Et pourtant. « Le corbeau est aussi intelligent que les grands singes », titre sans hésiter le National Geographic. « “Raisonnement de cause à effet, flexibilité, imagination et prospection” : le corbeau a toutes ces qualités qui définissent l’essence même de l’intelligence chez les singes », résument Nathan J. Emery and Nicola S. Clayton, de l’Université britannique de Cambridge, les deux auteurs de cette revue de la littérature scientifique qui, dans la revue Science, donne au corbeau ses lettres de noblesse.
« Parce que corvidés (corbeaux, corneilles, geais, choucas, pies) et singes partagent ces outils cognitifs, nous affirmons que des capacités cognitives complexes ont évolué en de multiples occasions chez des espèces très différentes dotées de cerveaux structurés très différemment, afin de résoudre des problèmes similaires. »

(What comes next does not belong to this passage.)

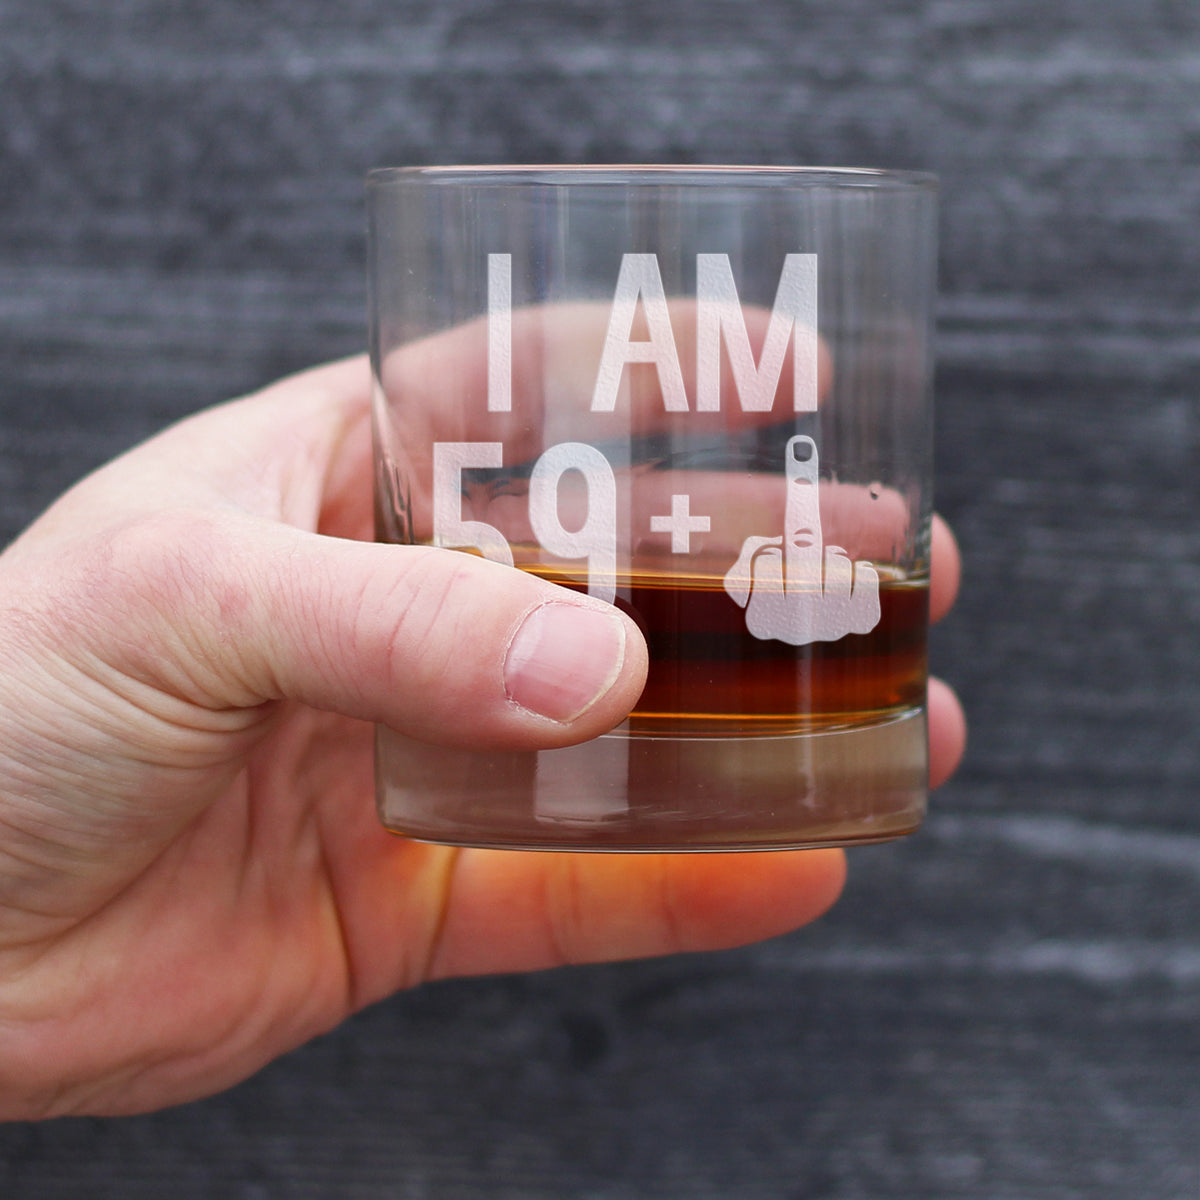 59 + 1 Middle Finger - Funny 60th Birthday Whiskey Rocks Glass Gifts for Men &amp; Women Turning 60 - Fun Whisky Drinking Tumbler

Ce n’est pourtant pas d’hier que ces oiseaux sont crédités d’une intelligence supérieure à la moyenne. Aujourd’hui, la littérature scientifique contient des récits de corbeaux qui utilisent le passage de voitures pour casser les noix dont ils se régalent. De geais qui se souviennent d’une quantité considérable d’endroits où ils ont caché leur nourriture -et qui semblent faire la distinction entre les caches d’aliments périssables et les autres. Et que dire de cette corneille de Nouvelle-Calédonie, Betty, élevée dans un laboratoire américain qui, l’an dernier, est devenue célèbre en tordant un fil de fer pour qu’il devienne un hameçon capable de récupérer de la nourriture à l’intérieur d’un vase. Mieux encore, elle en est arrivée à choisir, parmi plusieurs fils de fer, celui qui sera de la bonne longueur.

Incidemment, si les chercheurs ont choisi la corneille de Nouvelle-Calédonie, c’est parce qu’on l’a déjà vu faire la même chose dans son état naturel : elle y fabrique deux types d’outils, l’un s’apparentant au hameçon (pour extraire les insectes des trous d’arbres), l’autre à une pelle (une feuille soigneusement choisie, avec laquelle l’oiseau balaie sous les détritus de feuilles, jusqu’à ce que des proies sortent au grand jour).

Toutes ces démarches dévoilent une intention claire.

L’oiseau a imaginé, dans sa petite tête, le but à atteindre et il a pris les moyens qui s’imposent.

Il a imaginé : voilà un exploit qui, à lui seul, range les corvidés dans une catégorie à part dans le règne animal.